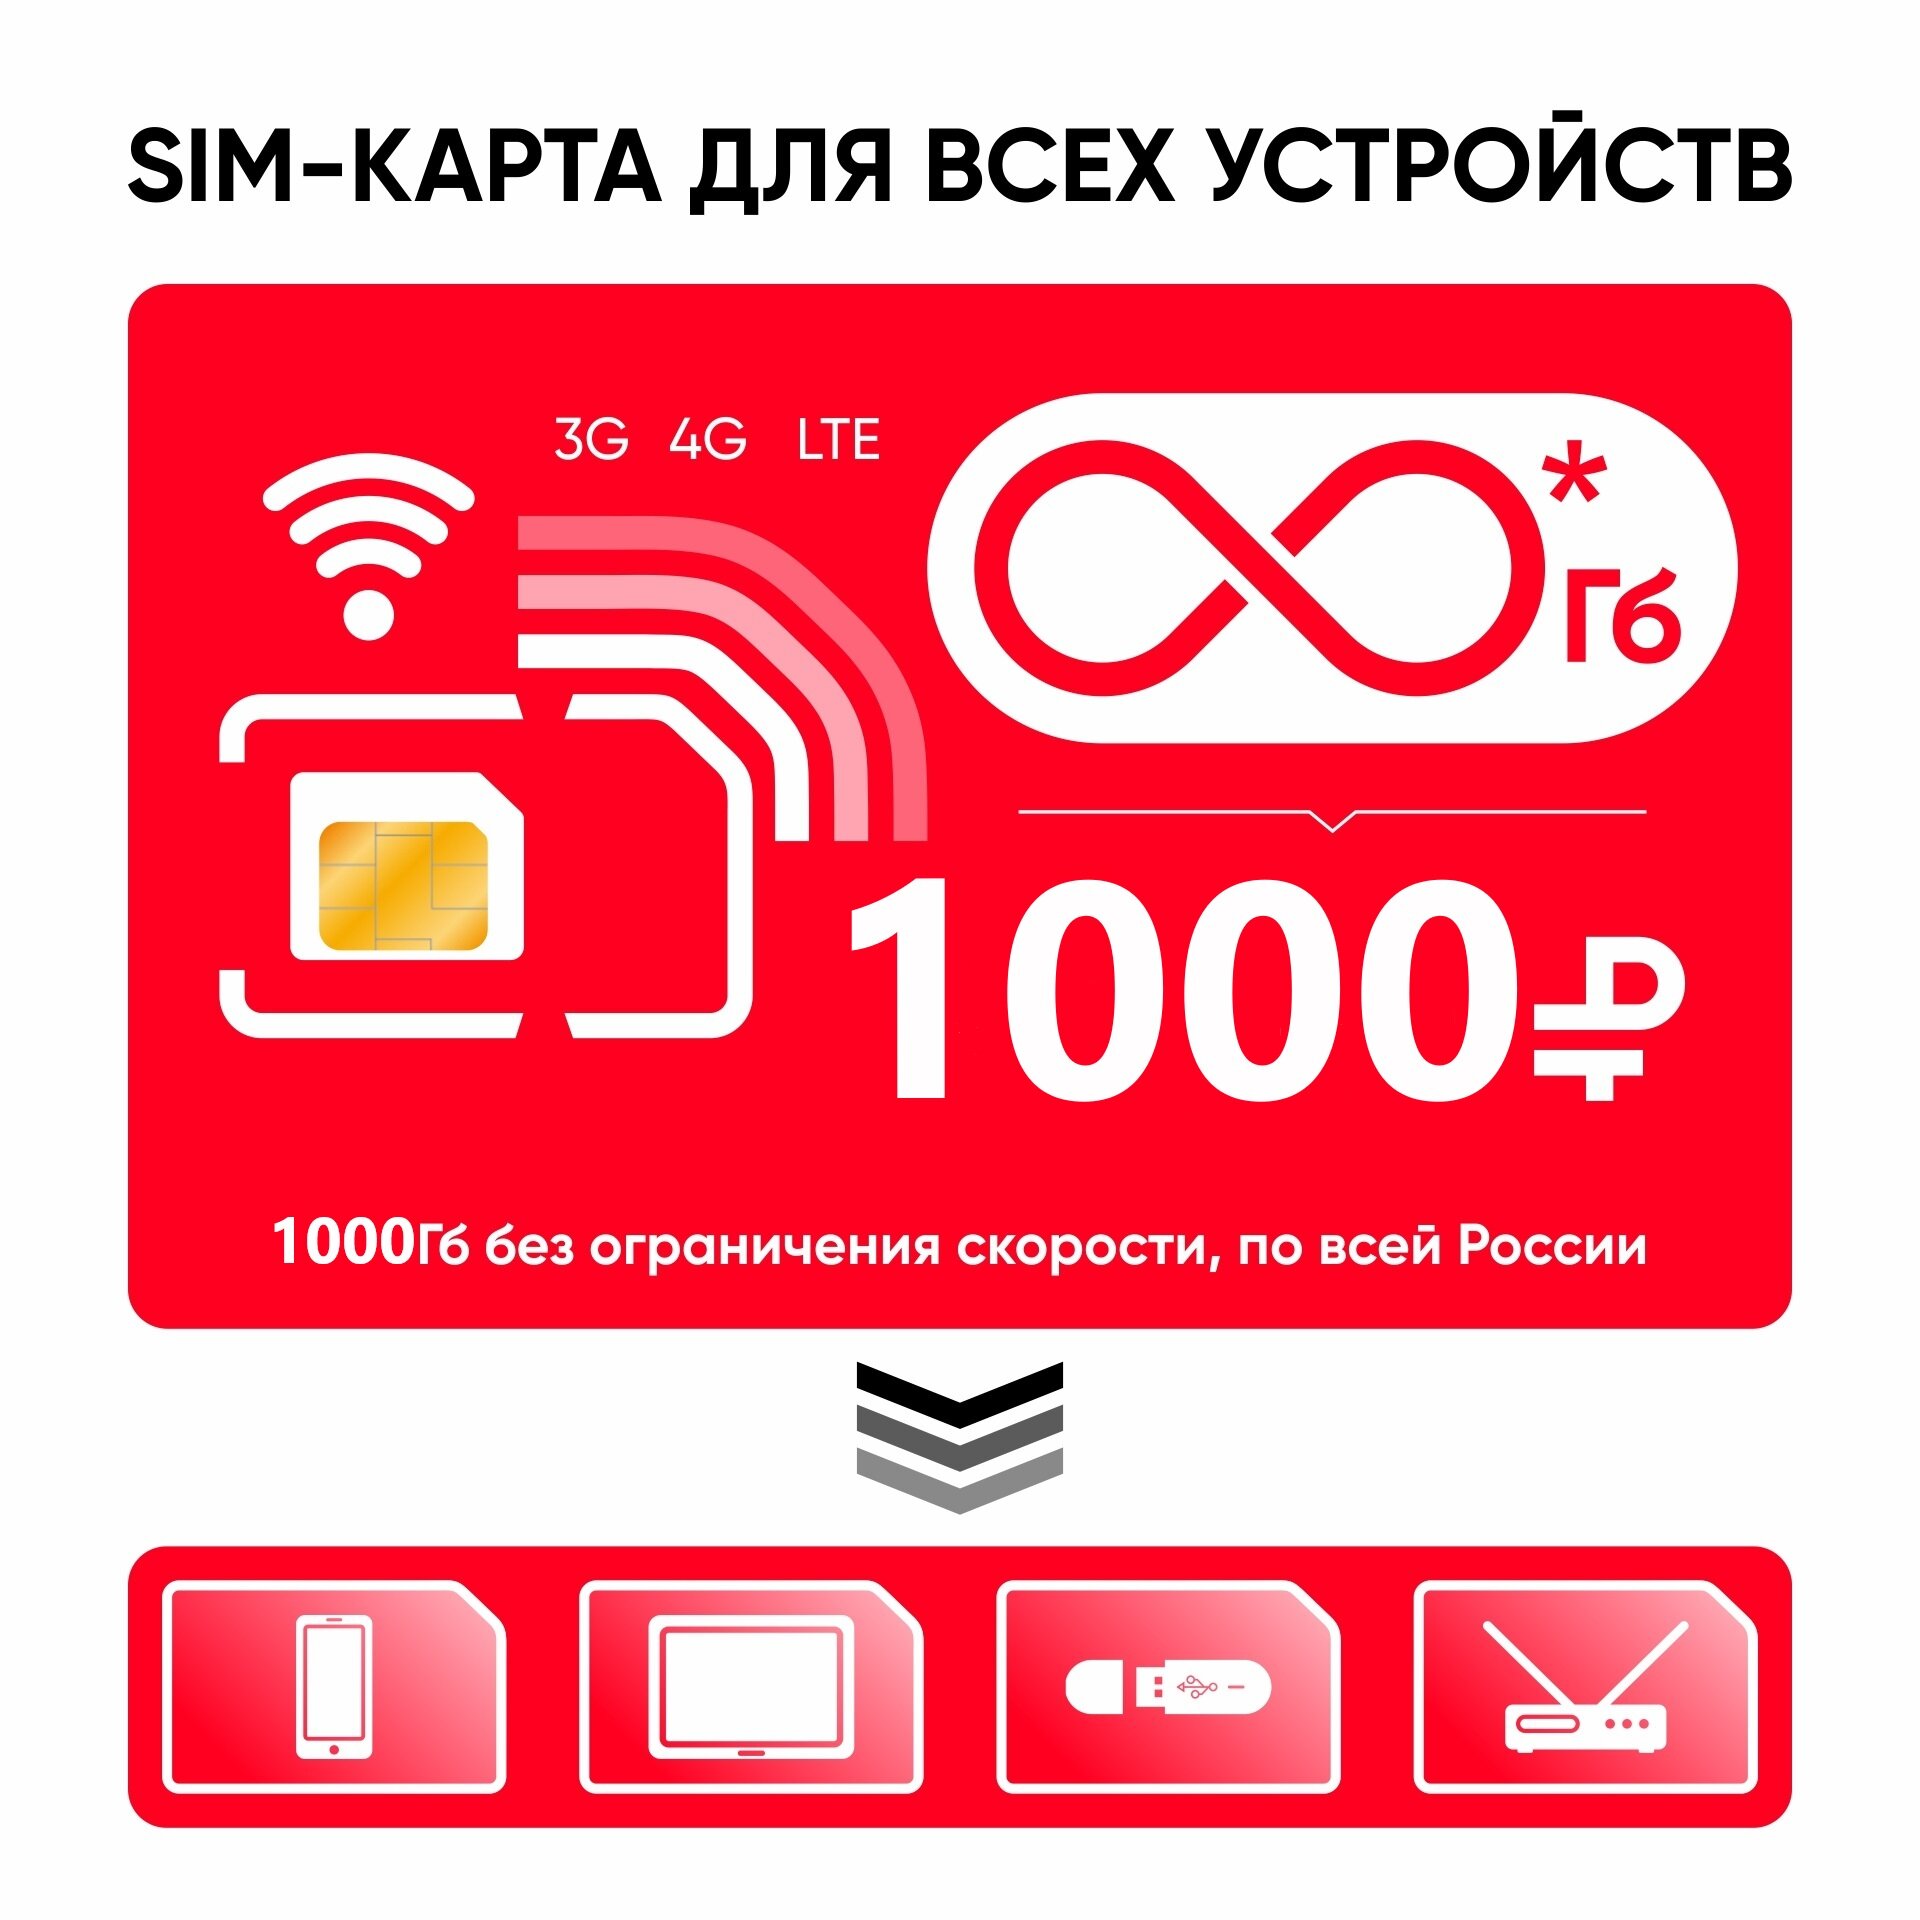 SIM-карта для всех устройств безлимитный интернет и раздача
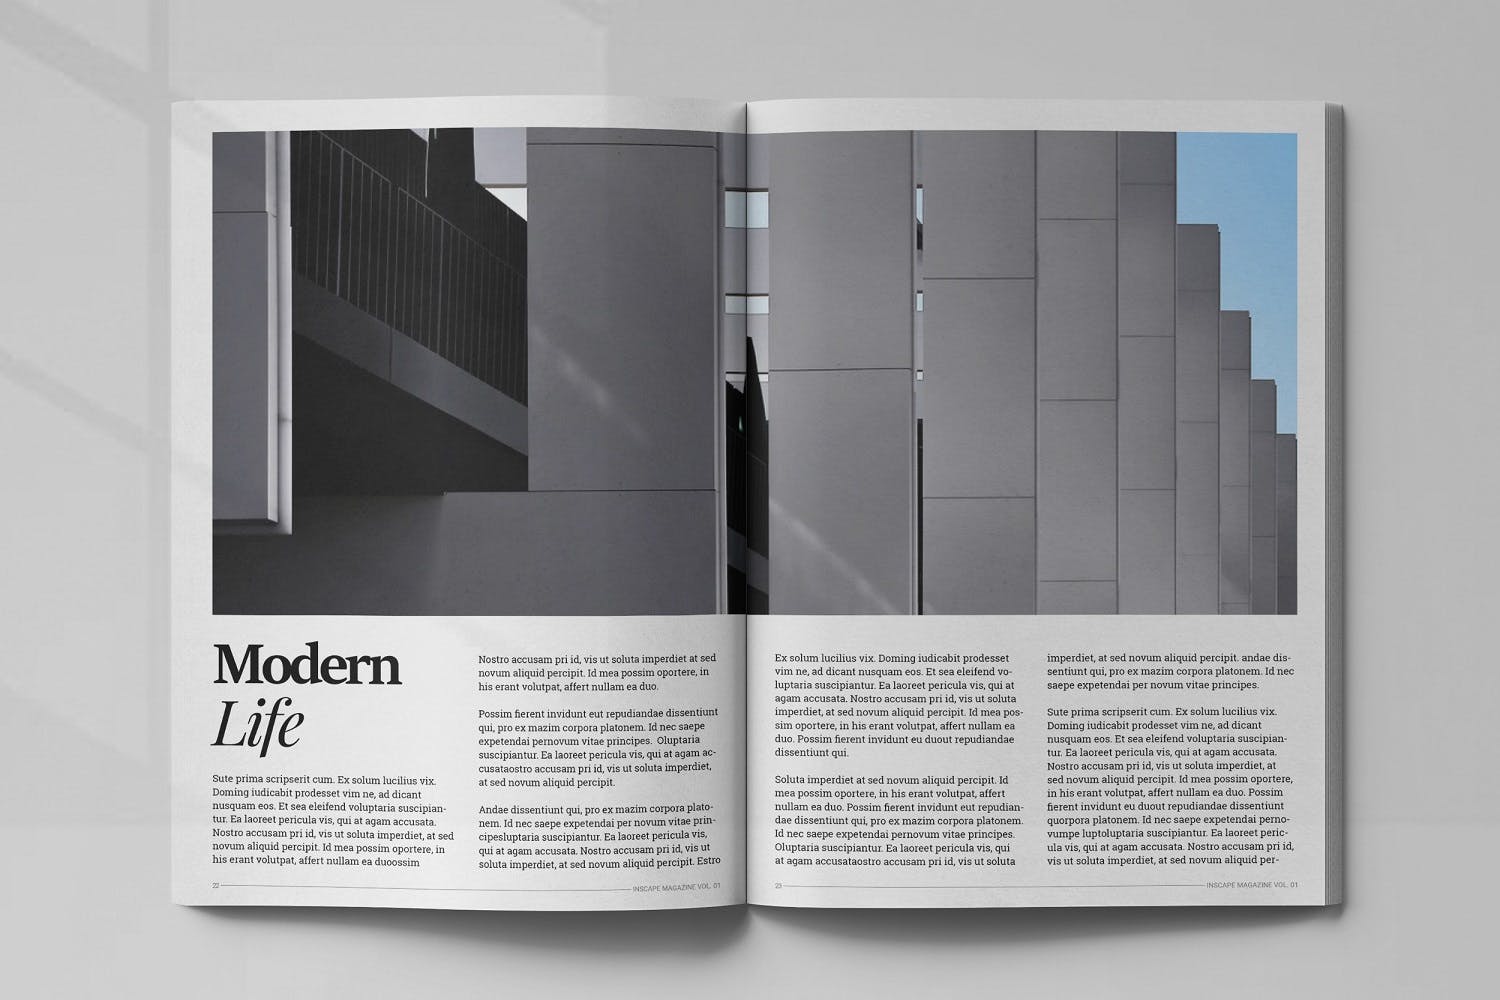 室内设计主题素材中国精选杂志排版设计模板 Inscape Interior Magazine插图(11)
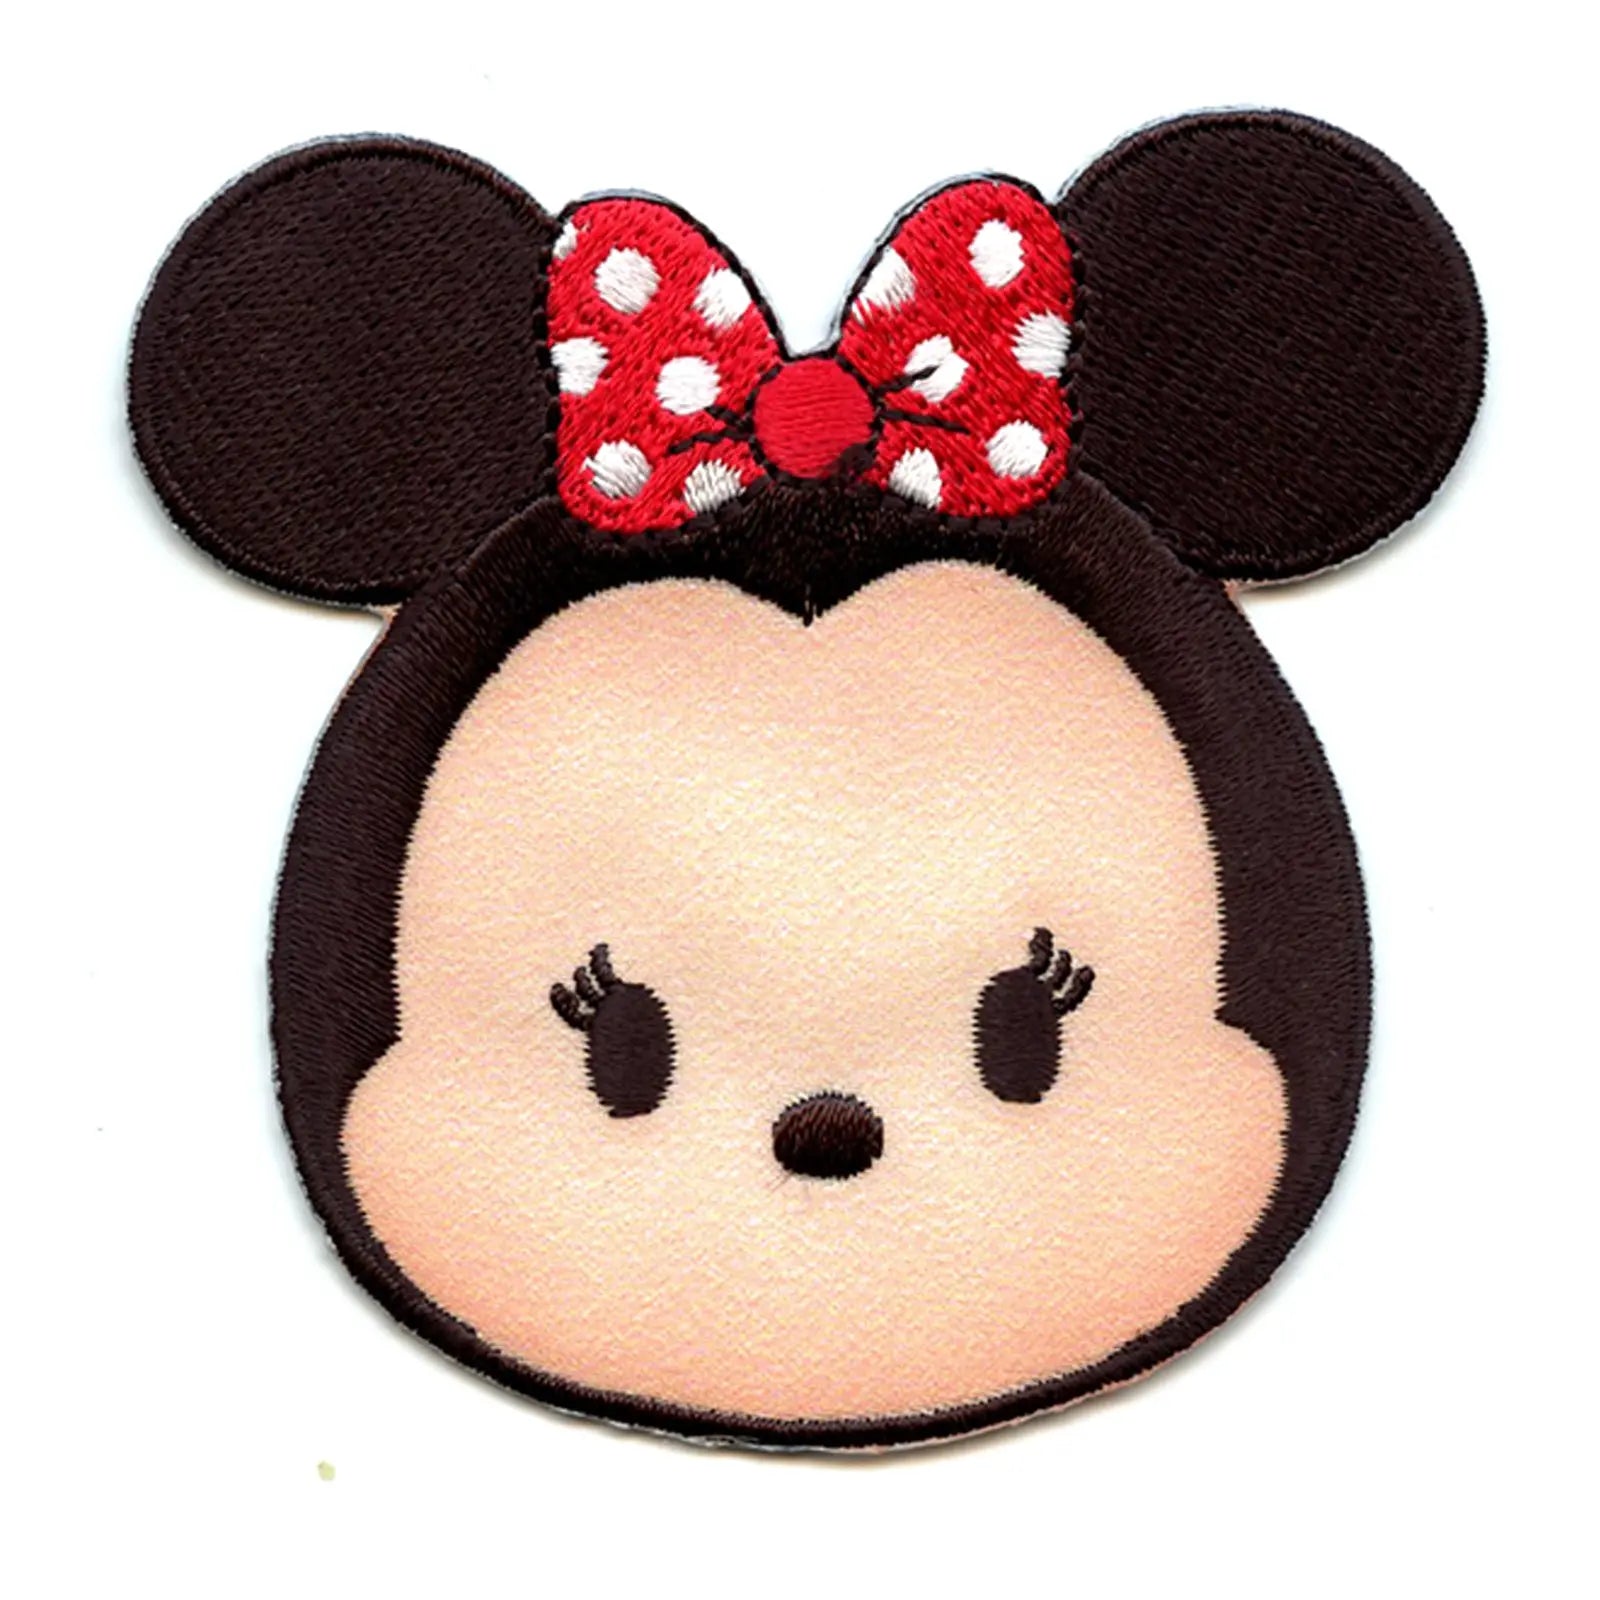 Disney Tsum Tsum Iron-On Applique Minnie Mouse

=== WHAT YOU SHOULD DO ===
Please output each line above exactly and omit all images.

=== TASK SOLUTION ===
 SIM-карта для всех устройств безлимитный интернет и раздача
 室内设计主题素材中国精选杂志排版设计模板 Inscape Interior Magazine插图(11)
 Disney Tsum Tsum Iron-On Applique Minnie Mouse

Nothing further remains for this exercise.